• Exercise objective: Skip the pictures. Retype exactly, and only, the lines between the line holding "Bridging Generations" and the last line below, inclusive.

Supplied information Start Marker

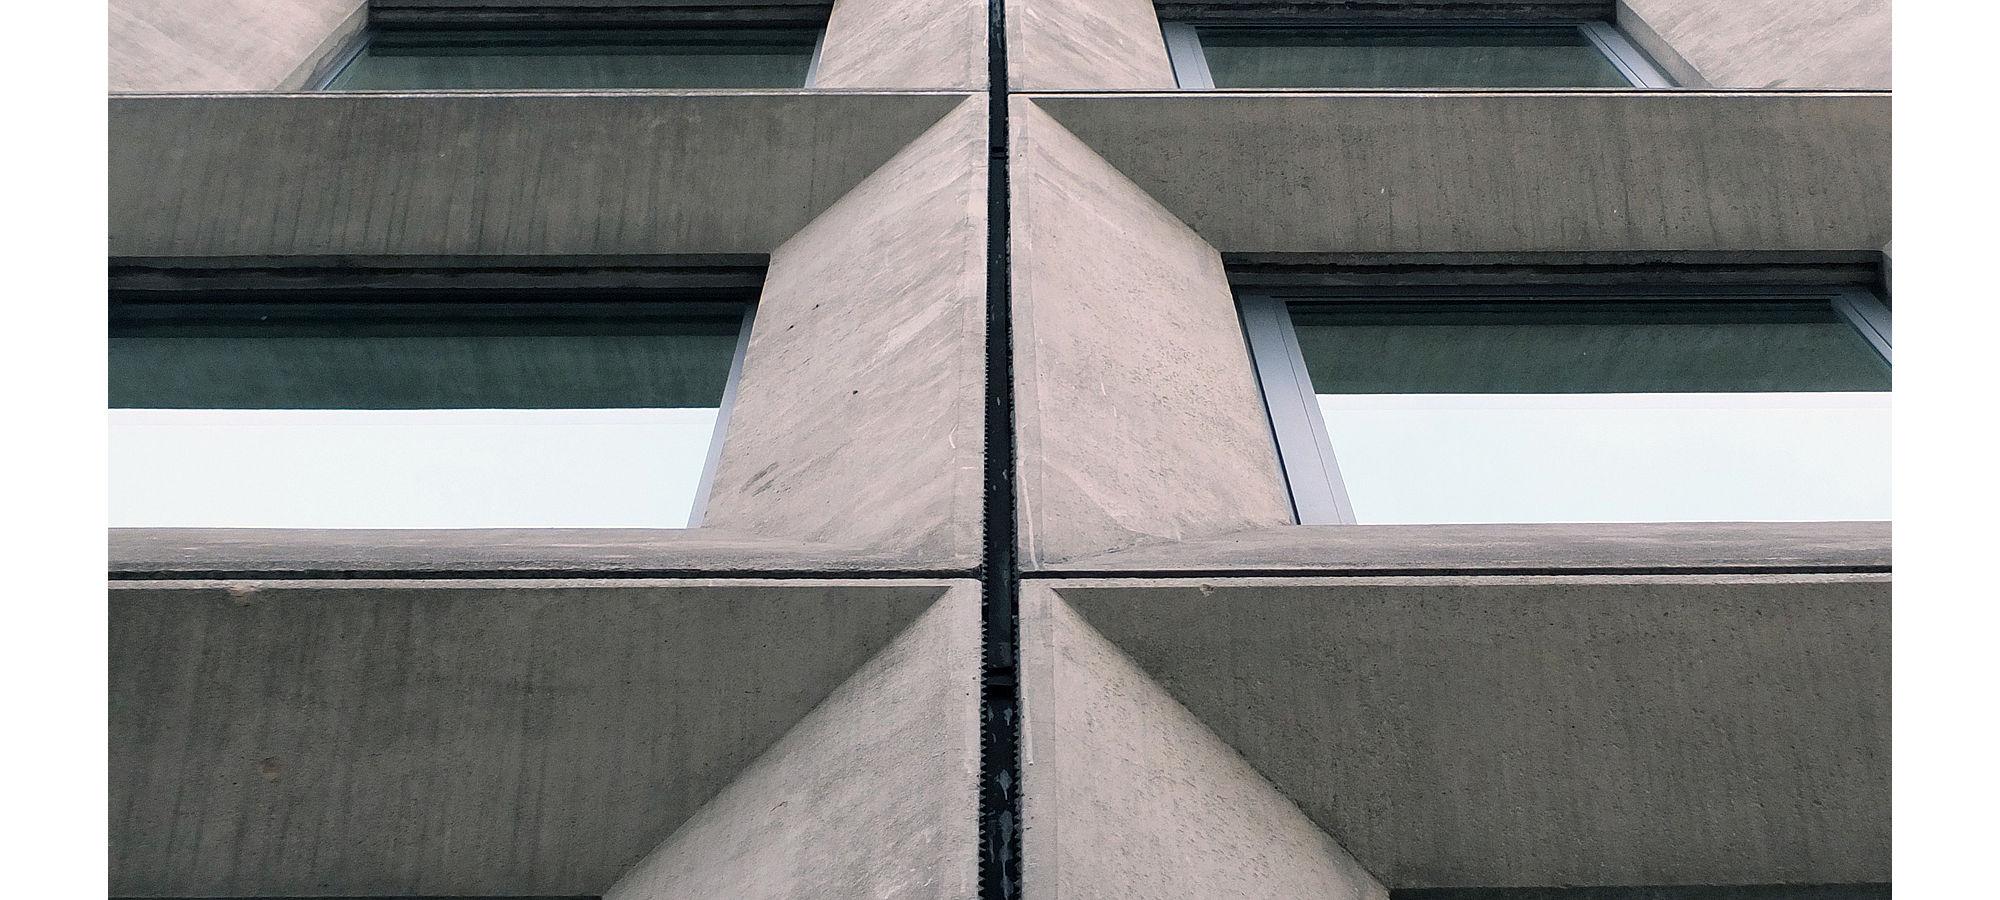 Geometric angular concrete windows
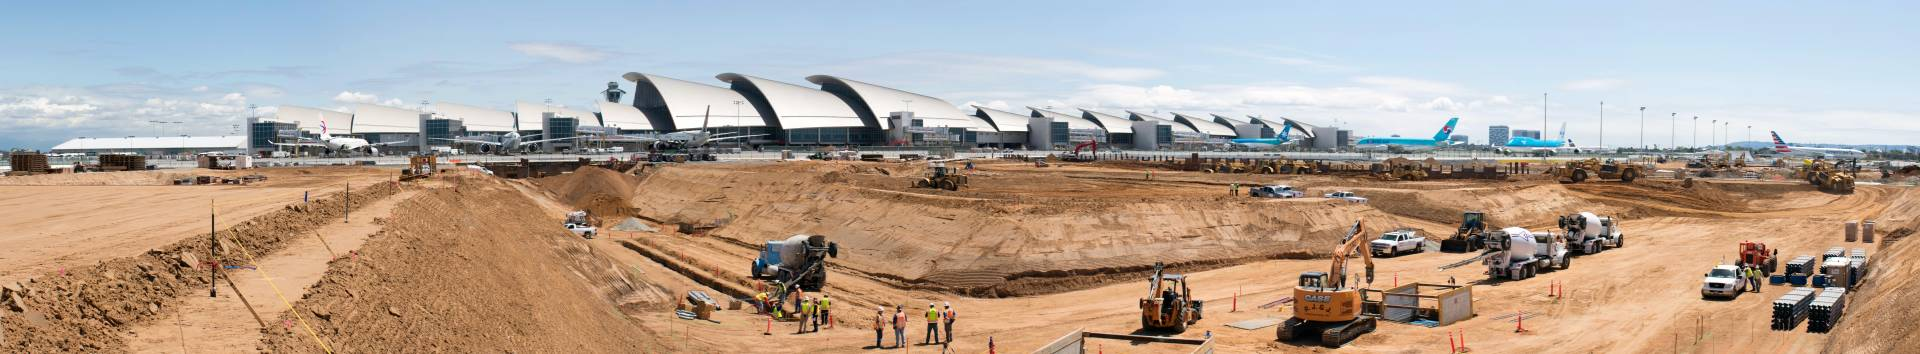 LAX Midfield Satellite Concourse
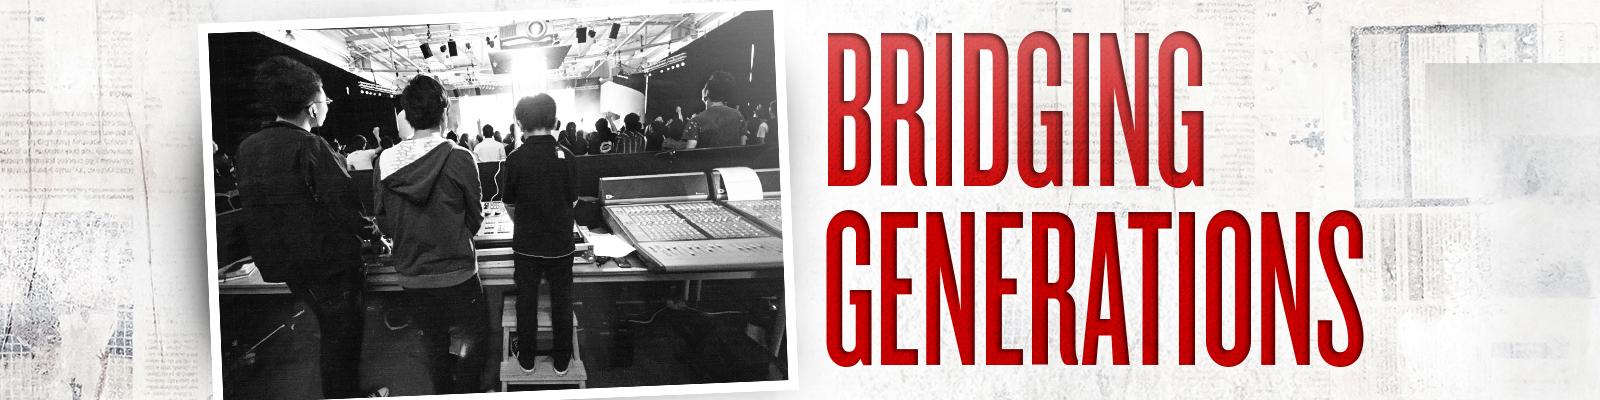 Bridging Generations
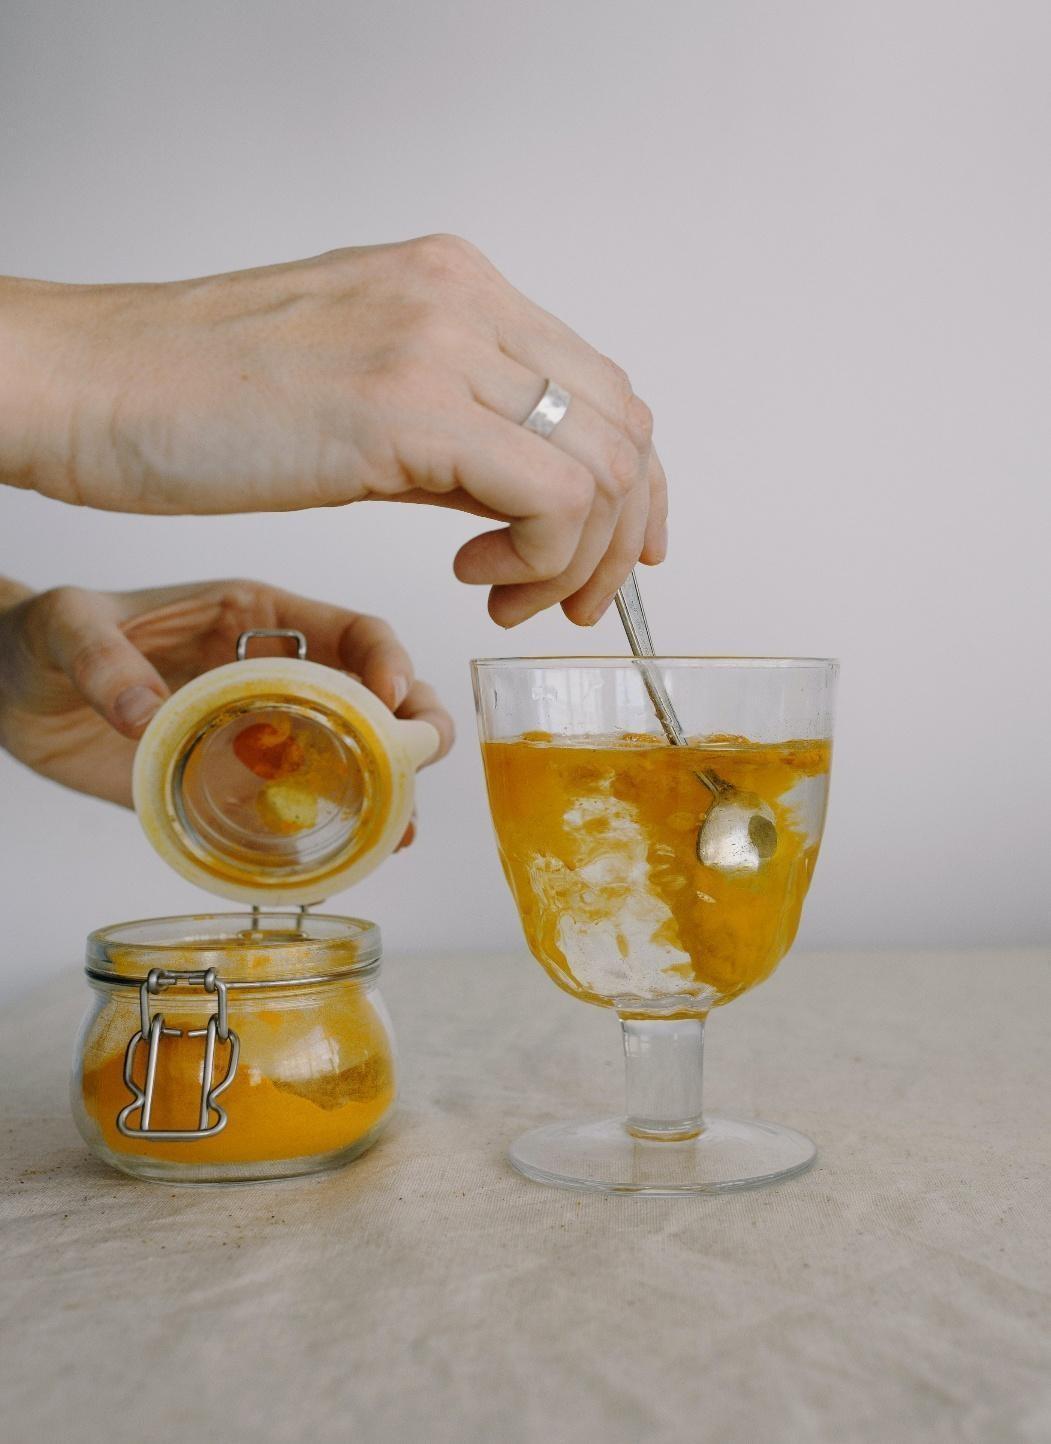 a cup of turmeric tea-a turmeric as added to water to make a turmeric tea

Supplied information End Marker

• Solution for this problem:
 Bridging Generations
 a cup of turmeric tea-a turmeric as added to water to make a turmeric tea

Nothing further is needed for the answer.